MaruHandler에 free_by_location(region_id, page_index) 같은 direct method를 추가하면 이 우회 패턴을 제거하고 의도를 더 명확히 할 수 있습니다.

youngrok-XCENA · 2026-03-23T01:10:35Z

                self._allocation_manager.decrement_kv_ref(region_to_deref)

-        return existed
+        return result == DeleteResult.DELETED


[MEDIUM] KVManager.delete()가 DeleteResult(NOT_FOUND/PINNED/DELETED)를 반환하도록 잘 개선했지만, 여기서 result == DeleteResult.DELETED로 bool 변환하면서 PINNED와 NOT_FOUND가 구분되지 않습니다.

DeleteKVResponse에도 success: bool만 있어서, 클라이언트가 삭제 실패 원인(핀 vs 부재)을 알 수 없습니다. Eviction 구현 시 "unpin 후 재시도" vs "키 없으니 무시"를 판단할 수 있도록, response에 result 필드를 전달하는 것을 고려해 주세요.

youngrok-XCENA · 2026-03-23T01:10:35Z

+    def batch_unpin(self, keys: list[str]) -> BatchUnpinKVResponse:
+        """Unpin multiple KV entries in a single RPC call."""
+        response = self._send_request(MessageType.BATCH_UNPIN_KV, {"keys": keys})
+        return BatchUnpinKVResponse(results=response.get("results", []))


[MEDIUM] RpcAsyncClient에 pin_kv_async, unpin_async, batch_pin_kv_async, batch_unpin_async non-blocking 메서드가 누락되어 있습니다.

다른 KV 연산(exists_kv_async, delete_kv_async, batch_register_kv_async 등)은 모두 *_async 변형이 있으므로, pin/unpin도 동일하게 추가하면 파이프라이닝이 가능합니다.

youngrok-XCENA · 2026-03-23T01:10:35Z

+            results = []
+            for key in keys:
+                entry = self._store.get(key)
+                if entry is None or entry.pin_count <= 0:


[LOW] unpin()(line 113-117)에서는 key 미존재 또는 pin_count <= 0일 때 logger.warning()으로 로그를 남기는데, batch_unpin()에서는 동일한 상황에서 로그 없이 False만 반환합니다. 디버깅 편의를 위해 일관된 로그 정책을 권장합니다.

youngrok-XCENA · 2026-03-23T01:10:36Z

+                )
+                return
+
+            flat_dtype = self._dtypes[0]

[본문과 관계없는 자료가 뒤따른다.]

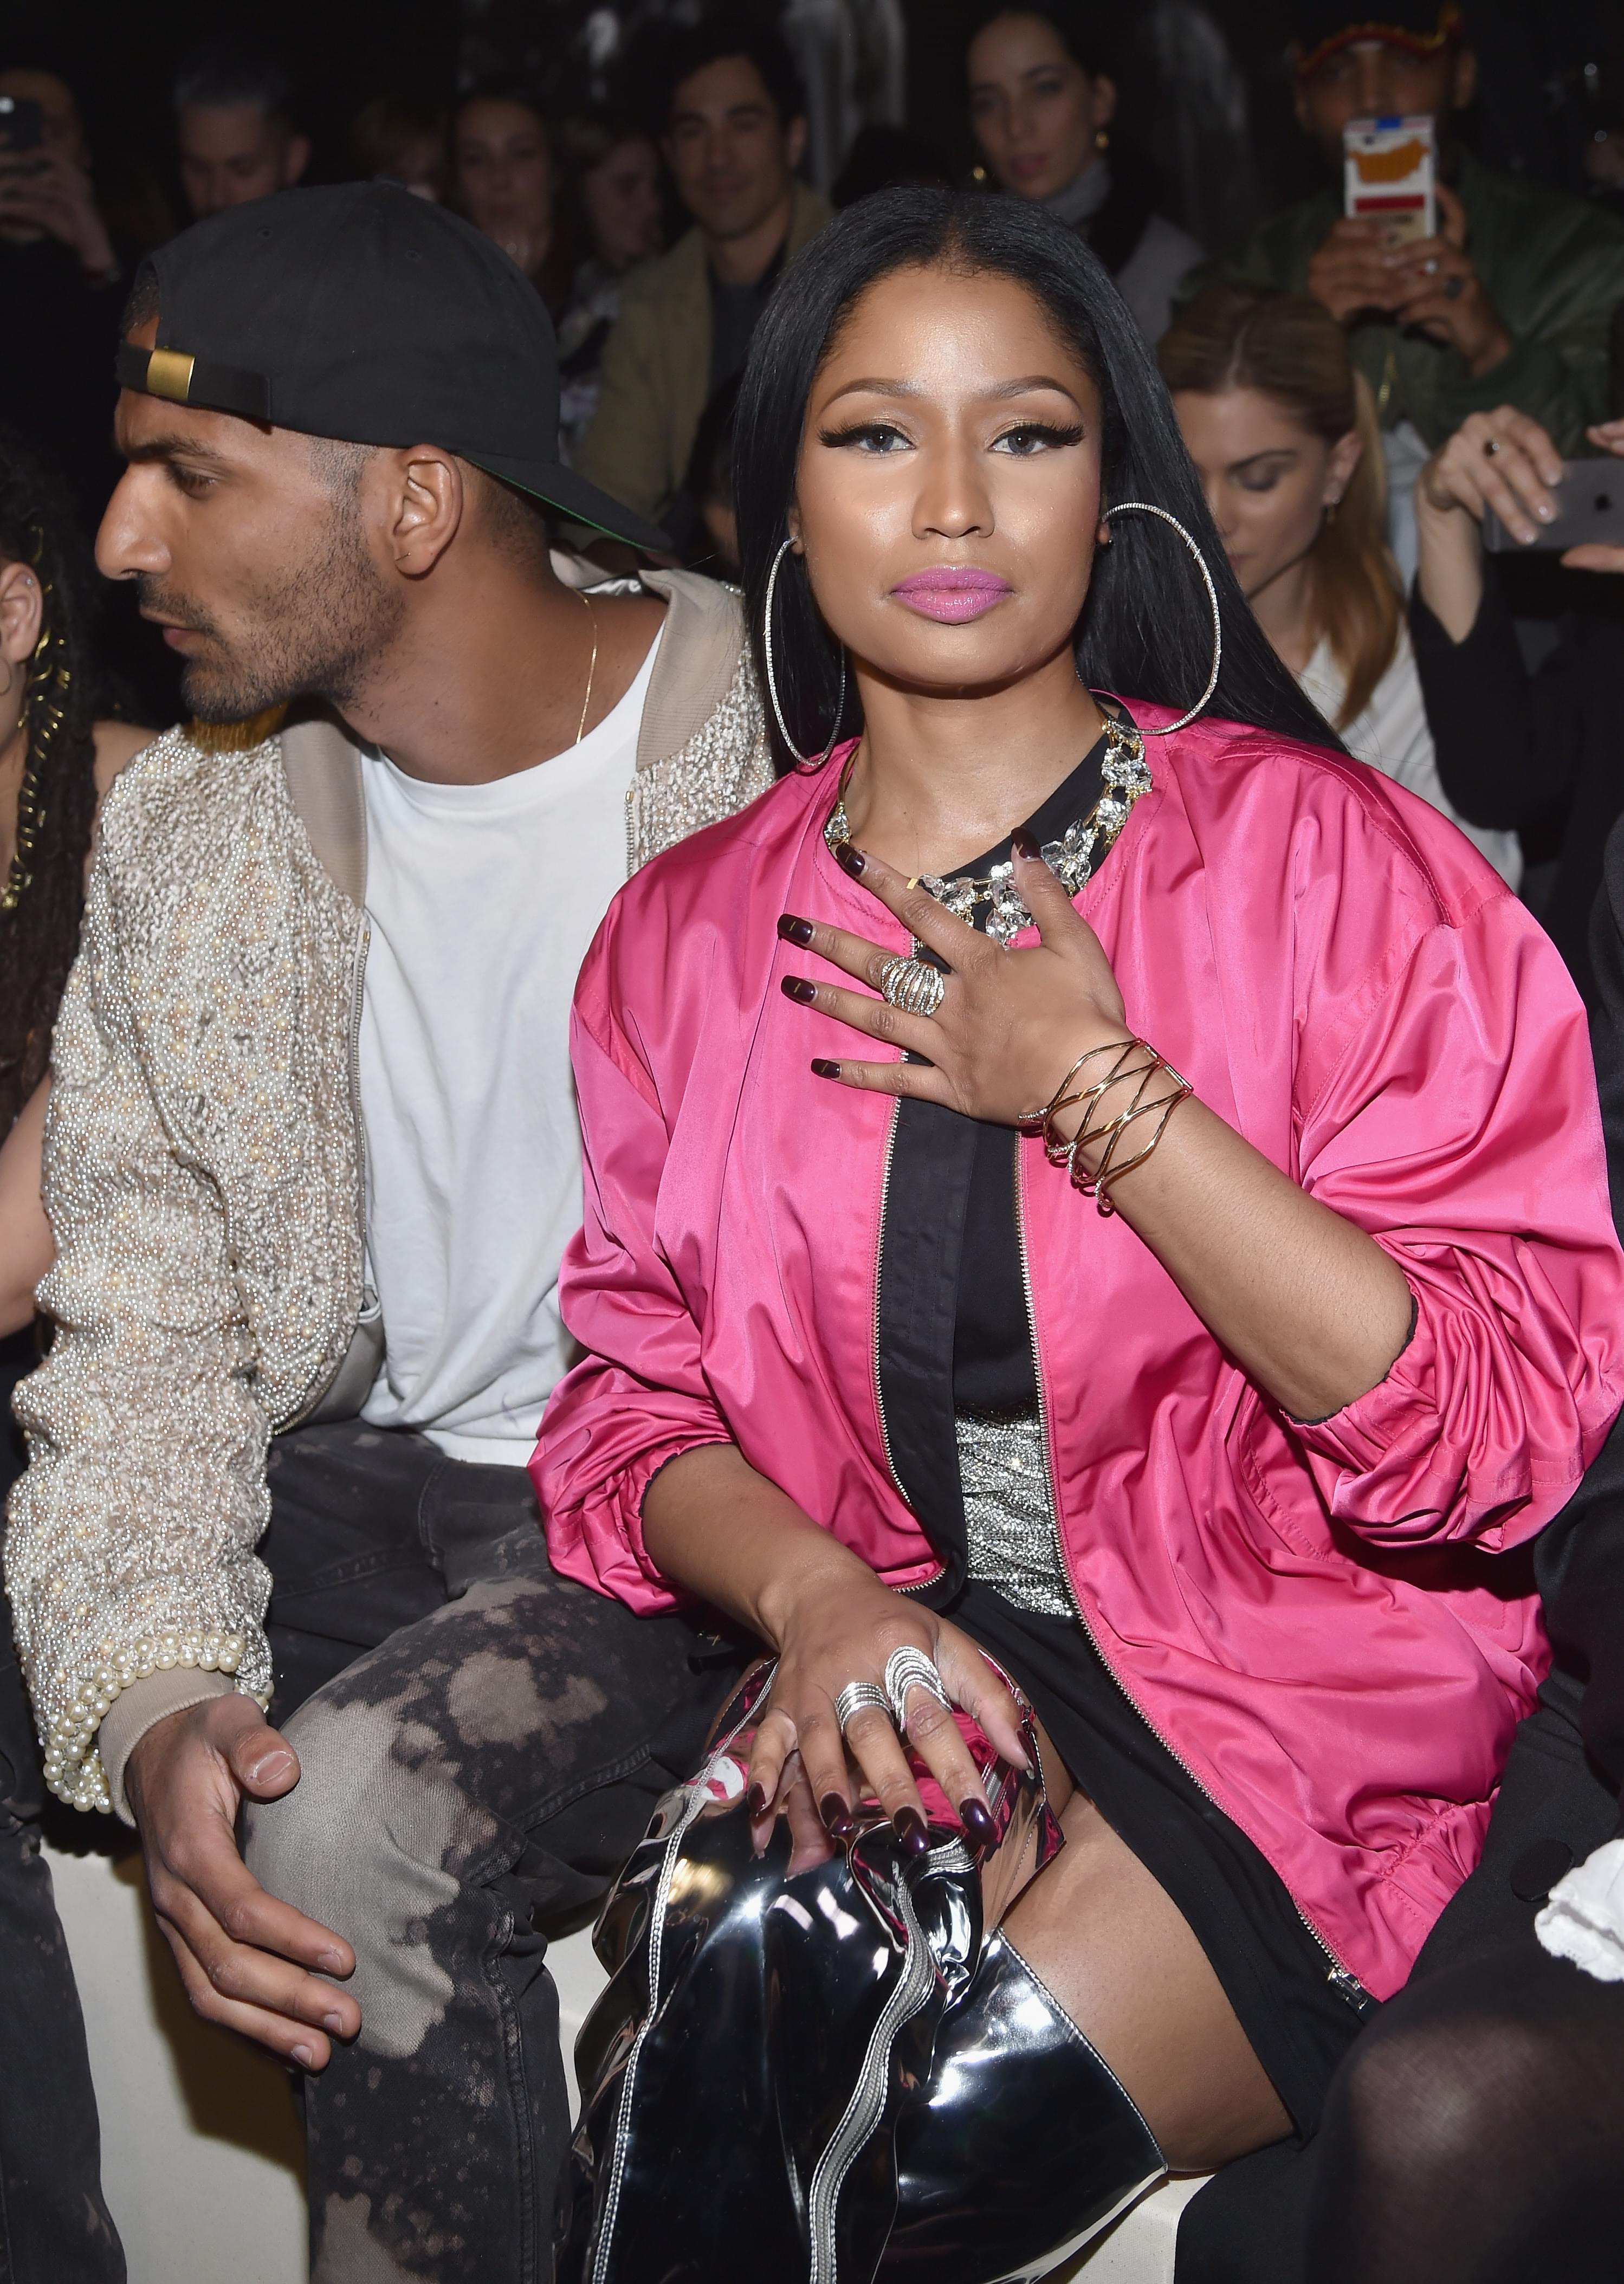 Nicki Minaj Has Just Signed A Big Modeling Contract [LOOK]

[LOW] flat_dtype = self._dtypes[0]으로 항상 첫 번째 dtype만 사용합니다. 현재는 모든 레이어가 동일 dtype이므로 문제없지만, 향후 mixed-precision KV cache(key=fp16, value=fp8) 지원 시 이 가정이 깨질 수 있습니다.

방어적 assertion을 추가하는 것을 권장합니다:

assert all(d == self._dtypes[0] for d in self._dtypes), "mixed dtypes not yet supported"

youngrok-XCENA

PR 리뷰: feat/maru backend

이 PR이 필요한 이유 (미적용시 문제점)

Zero-copy 미활용: 기존 MaruConnector는 TCP 직렬화/역직렬화를 통해 LMCache와 통신하여, CXL 공유 메모리의 zero-copy 이점을 전혀 활용하지 못합니다.
P2P/PD 데이터 무결성 위험: Pin/Unpin 메커니즘 없이 disaggregated prefill이나 P2P 공유 시 use-after-free 데이터 손상이 발생합니다.
Pool 소진 시 OOM: auto_expand가 없으면 초기 메모리 풀 소진 시 서비스가 중단됩니다.

설계 변경점

Before: Connector 기반 (간접 접근, TCP 직렬화)

graph LR
    A[LMCache Engine] --> B[RemoteConnector]
    B --> C[MaruConnectorAdapter]
    C --> D[MaruConnector - TCP serialize]
    D --> E[MaruHandler]
    E --> F[MaruServer + KVManager]
    style D fill:#f99,stroke:#333

After: Backend 직접 통합 (zero-copy, pin/unpin 지원)

graph LR
    A[LMCache Engine] --> B[MaruBackend - AllocatorBackendInterface]
    B --> C[CxlMemoryAdapter - MemoryAllocatorInterface]
    C --> D[MaruHandler]
    B -.-> |store/retrieve, pin/unpin| D
    D --> E[OwnedRegionManager +auto_expand +on_region_added]
    D --> F[MaruServer]
    F --> G[KVManager +pin_count +DeleteResult +prefix-stop batch_pin]
    style C fill:#9f9,stroke:#333
    style G fill:#9f9,stroke:#333

핵심 아키텍처 변경:

MaruConnector(TCP 직렬화) 계층 제거 -> CxlMemoryAdapter가 CXL 공유 메모리에 직접 접근
Address encoding: (region_id << 32) | page_index -- O(1) 양방향 변환
Pool 구축이 on_region_added 콜백 기반: 초기화(replay)와 확장(expansion) 단일 경로
Server-side pin/unpin: prefix-stop 시맨틱스, DeleteResult enum으로 삭제 거부 사유 구분

리뷰 결과 요약

전반적으로 Connector -> Backend 전환은 올바른 방향이며, 93% 테스트 커버리지도 우수합니다.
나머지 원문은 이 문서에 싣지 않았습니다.